Inspiration
Modern apps are complex, and even minor coding mistakes can lead to serious security vulnerabilities. We wanted a way to automatically detect issues and generate actionable tests to help developers secure their code faster.
What it does
Combines static code analysis with LLMs to identify potential security risks in Android apps and automatically generates structured, safe test cases for validation.
How we built it
We used static analysis tools to parse code and detect risky patterns, then leveraged a language model (Mistral) to generate detailed, non-exploit test cases. Results are saved in JSON for easy integration into CI/CD pipelines.
Challenges we ran into
• Handling partial/incomplete LLM outputs due to token limits. • Converting LLM responses into valid, structured JSON. • Balancing detailed test cases with safety (no exploit instructions).

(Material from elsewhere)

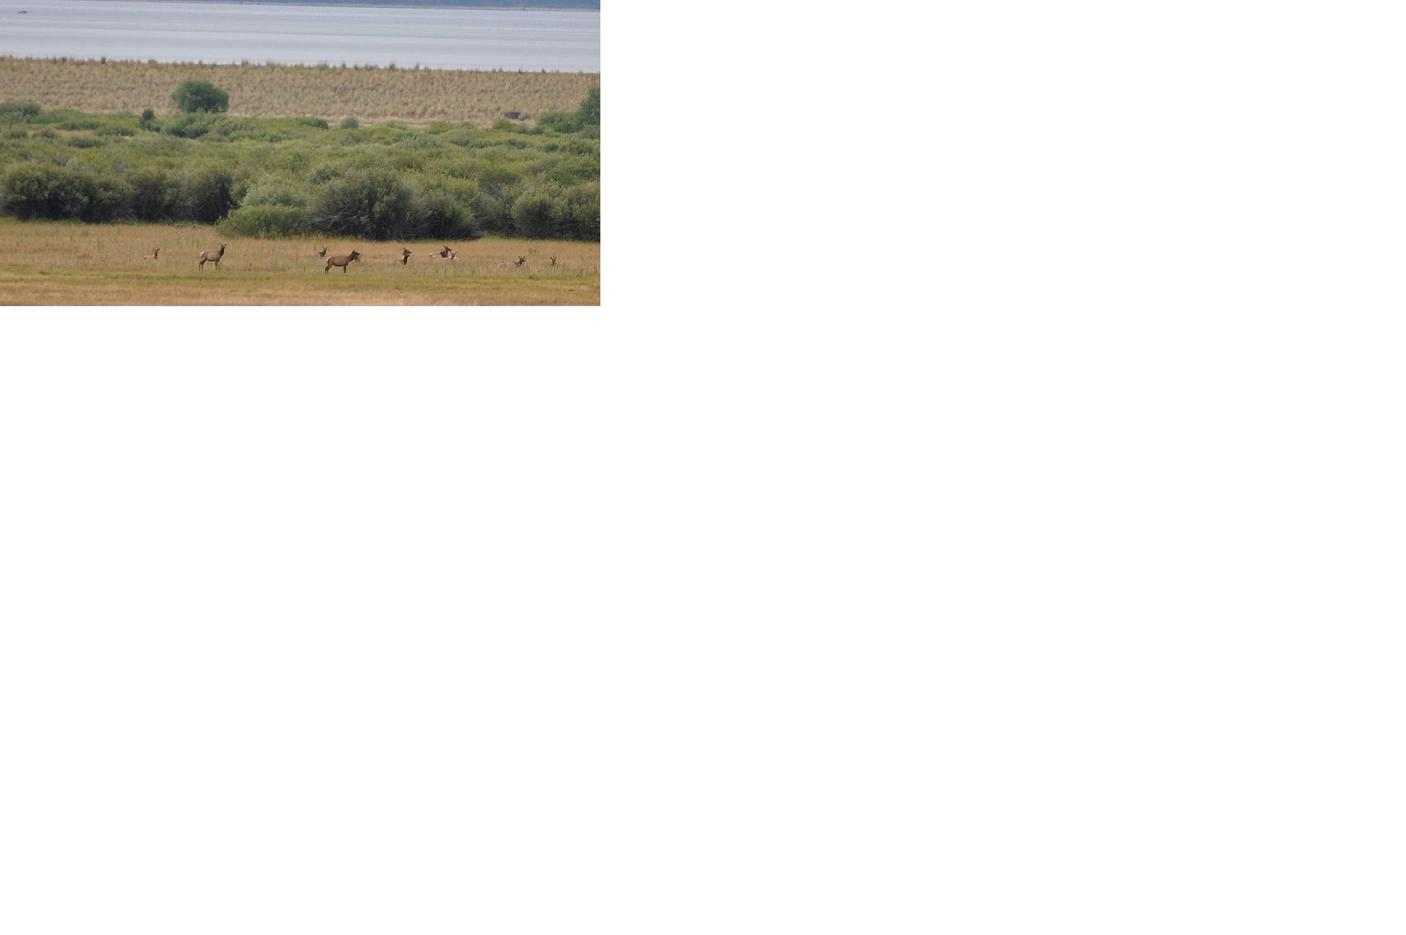 Click image for larger version  Name:elk.JPG Views:148 Size:45.3 KB ID:1864

Accomplishments that we're proud of
• Successfully combined static analysis with LLM-generated test cases. • Produced a pipeline that can generate structured test cases automatically from code. • Ensured all test cases are safe, actionable, and suitable for real-world testing.
What we learned
• LLMs can significantly reduce manual effort in generating security test cases. • Proper post-processing and validation of AI outputs are critical to maintain JSON integrity. • Combining AI with traditional static analysis is a powerful approach for automated security testing.
What's next for Static-LLM Vulnerability Test Generator
• Support more programming languages and frameworks. • Integrate with CI/CD pipelines for automated vulnerability scanning. • Improve handling of large codebases and partial LLM outputs. • Add reporting and visualization for easier developer adoption.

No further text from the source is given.